Dimisión “emocional” y respaldo inmediato

A primera hora del viernes, la directiva de Trabzonspor rechazó la renuncia de Tekke. El mensaje fue claro: el club considera que la decisión del entrenador nació del “intenso impacto emocional” de la eliminación, no de una reflexión serena sobre el proyecto.

En otras palabras, no quieren tirar por la borda un trabajo que les llevó al podio de la liga turca hace apenas unos meses. Tekke sigue. Al menos por ahora.

El golpe europeo no se borra, pero el club ha elegido cerrar filas alrededor de su técnico. Y lo hace en un momento en el que el foco mediático sobre Trabzonspor es mayor que nunca.

De la Europa League a la Europa Conference League

La caída ante Ferencvaros envía a Trabzonspor a la Europa Conference League esta temporada. No es el escenario que imaginaban cuando arrancó el verano, pero es el que tendrán que abrazar.

El equipo conocerá este viernes a sus seis rivales en la fase de liga. Un calendario largo, exigente, que puede convertirse en oportunidad o en carga, según cómo gestione el vestuario este mazazo.

La pregunta es evidente: ¿qué versión de Trabzonspor veremos? ¿La que se descompuso en Hungría o la que, en el papel, debería dominar muchos partidos con el talento que ha incorporado?

Salah, Fabinho y el regreso de Onana: un mercado de gigantes

Porque si algo no se le puede reprochar al club es falta de ambición en el mercado. Este verano, Trabzonspor ha agitado Europa con movimientos que hace no mucho parecían imposibles para un club turco fuera del duopolio más mediático.

Han llegado Mohamed Salah y Fabinho, campeones de la Premier League, y Andre Onana ha regresado cedido desde Manchester United. Tres nombres con peso específico en cualquier vestuario del continente.

El fichaje de Salah, en particular, sacudió el mercado. A sus 34 años, el egipcio tomó una decisión que pocos veían venir: rescindió de mutuo acuerdo su contrato con Liverpool al final de la pasada temporada y, al mes siguiente, estampó su firma con Trabzonspor.

Hablamos del tercer máximo goleador de la historia de los Reds, solo por detrás de Ian Rush y Roger Hunt. Dejó Anfield con 257 goles en 442 partidos desde su llegada procedente de Roma en 2017. Un legado de leyenda que ahora intenta trasladar, en otra escala, al Mar Negro.

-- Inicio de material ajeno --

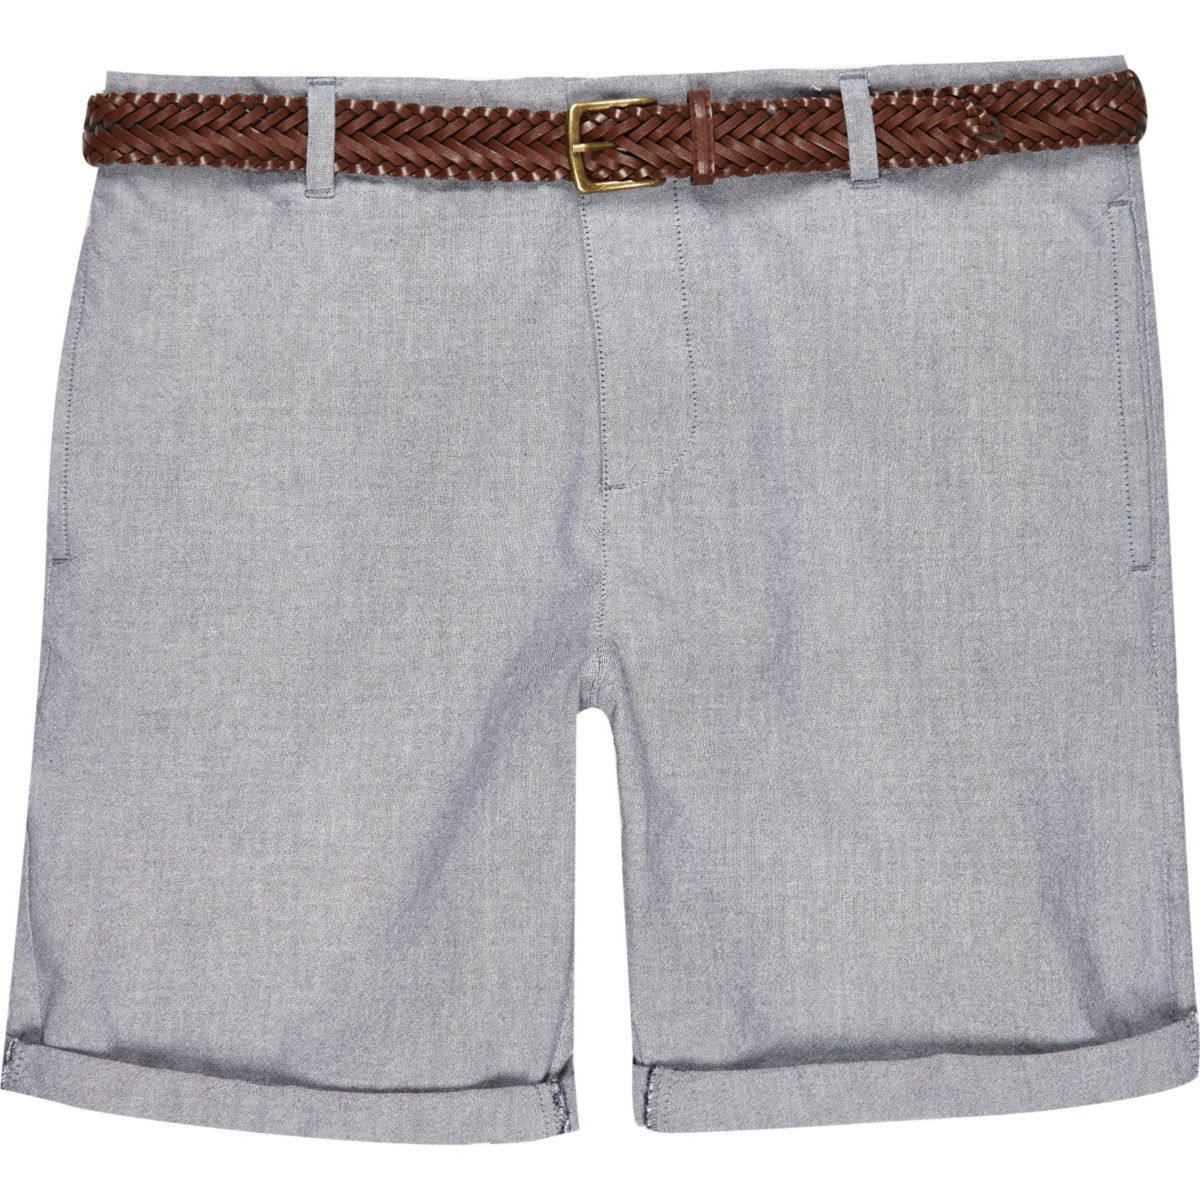 Navy Oxford belted bermuda shorts

Primeros goles de Salah… y un contraste brutal

El estreno goleador no se hizo esperar. Salah marcó sus dos primeros tantos con su nuevo club en la victoria por 2-1 ante Istanbul Basaksehir el sábado. Un aviso de lo que puede significar su presencia en la liga turca: desequilibrio, gol, jerarquía.

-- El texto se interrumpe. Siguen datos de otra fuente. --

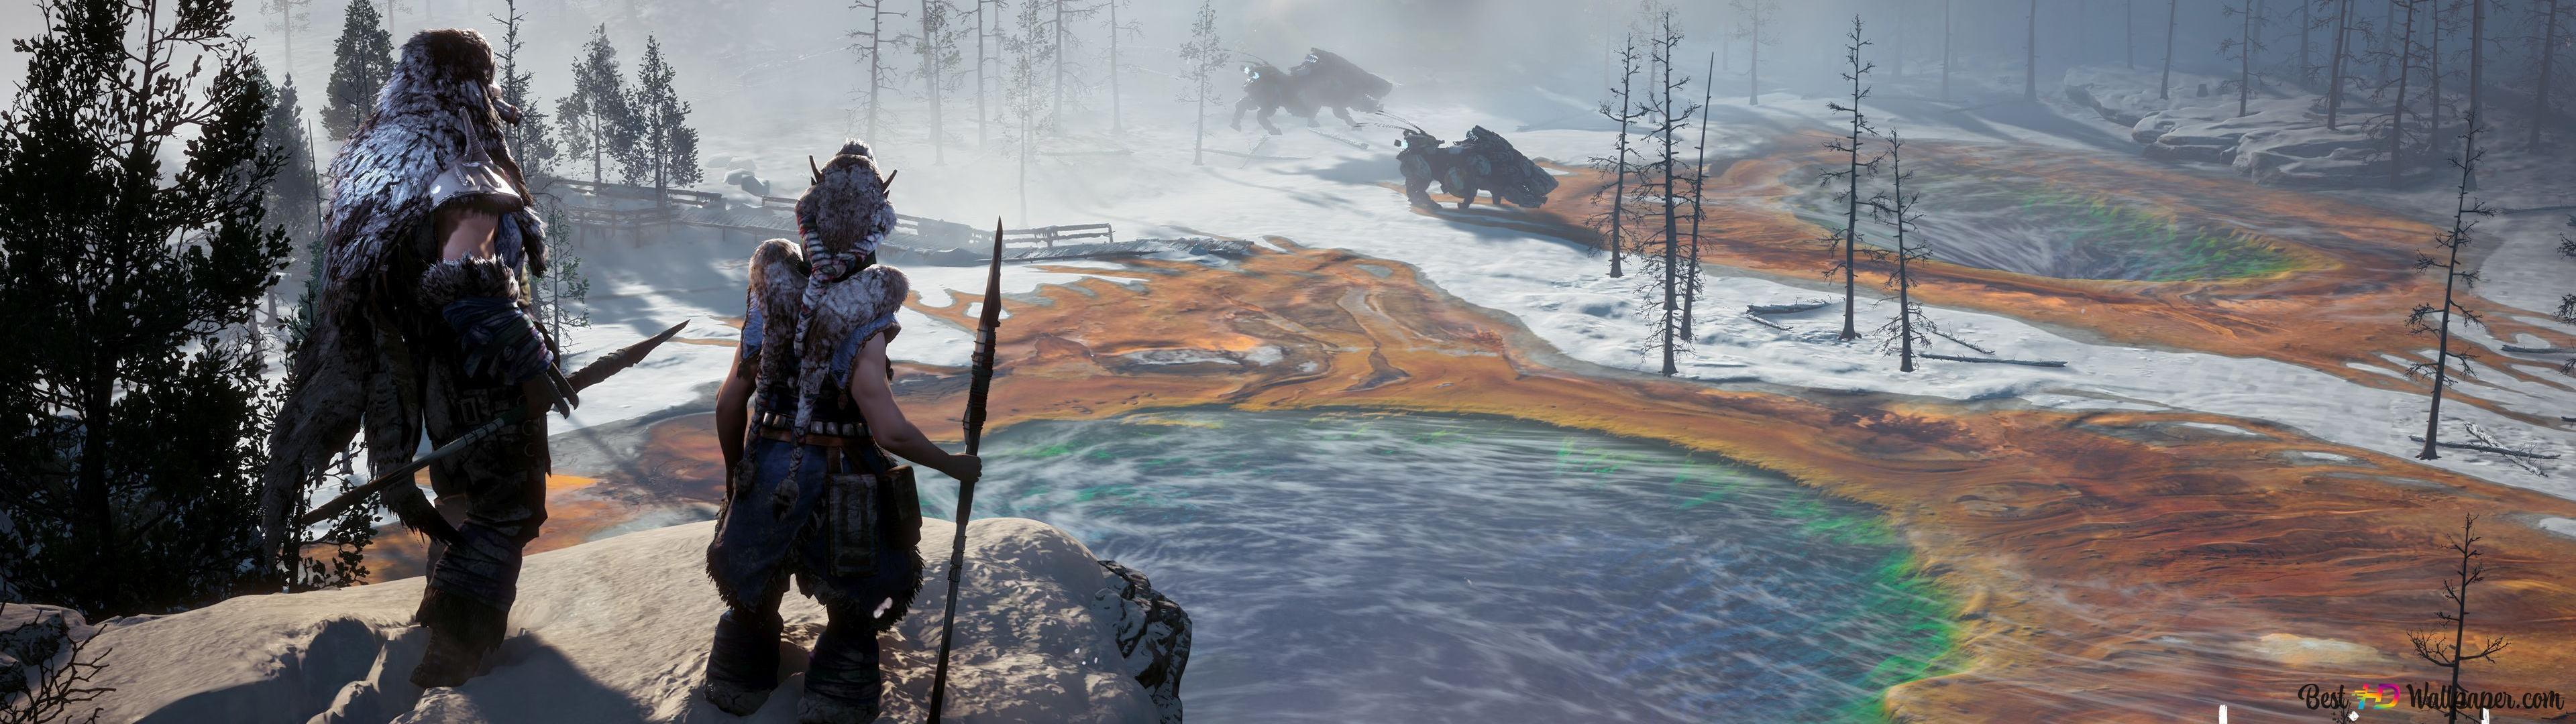 Horizon Zero Dawn Frozen Wilds Hd Wallpaper Download

Esa actuación alimentó la ilusión de la afición. El resultado en Hungría, apenas unos días después, devolvió a todos a la crudeza de la realidad europea. El contraste no puede ser más evidente: un equipo capaz de ganar con su nueva estrella en el campeonato doméstico y, al mismo tiempo, de naufragar sin respuestas en un escenario continental.

Ahí se explica también el terremoto emocional que llevó a Tekke a presentar su renuncia.

Un proyecto entre el golpe y la ilusión

Trabzonspor, siete veces campeón de Turquía, se encuentra en una encrucijada deportiva y emocional. Ha reunido un bloque con nombres de élite, ha apostado por un entrenador que los llevó al tercer puesto y, pese a todo, ha sufrido una eliminación que duele en el orgullo.

El club ha decidido no romper nada. Mantiene a Tekke, mantiene su apuesta y se aferra a la Europa Conference League como nuevo frente de batalla. Con Salah ya viendo puerta, Fabinho asentándose y Onana de vuelta bajo palos, el potencial está ahí.

La cuestión es si este grupo será capaz de transformar una noche negra en Hungría en el punto de inflexión de la temporada o si la herida europea volverá a abrirse cuando lleguen los próximos exámenes continentales.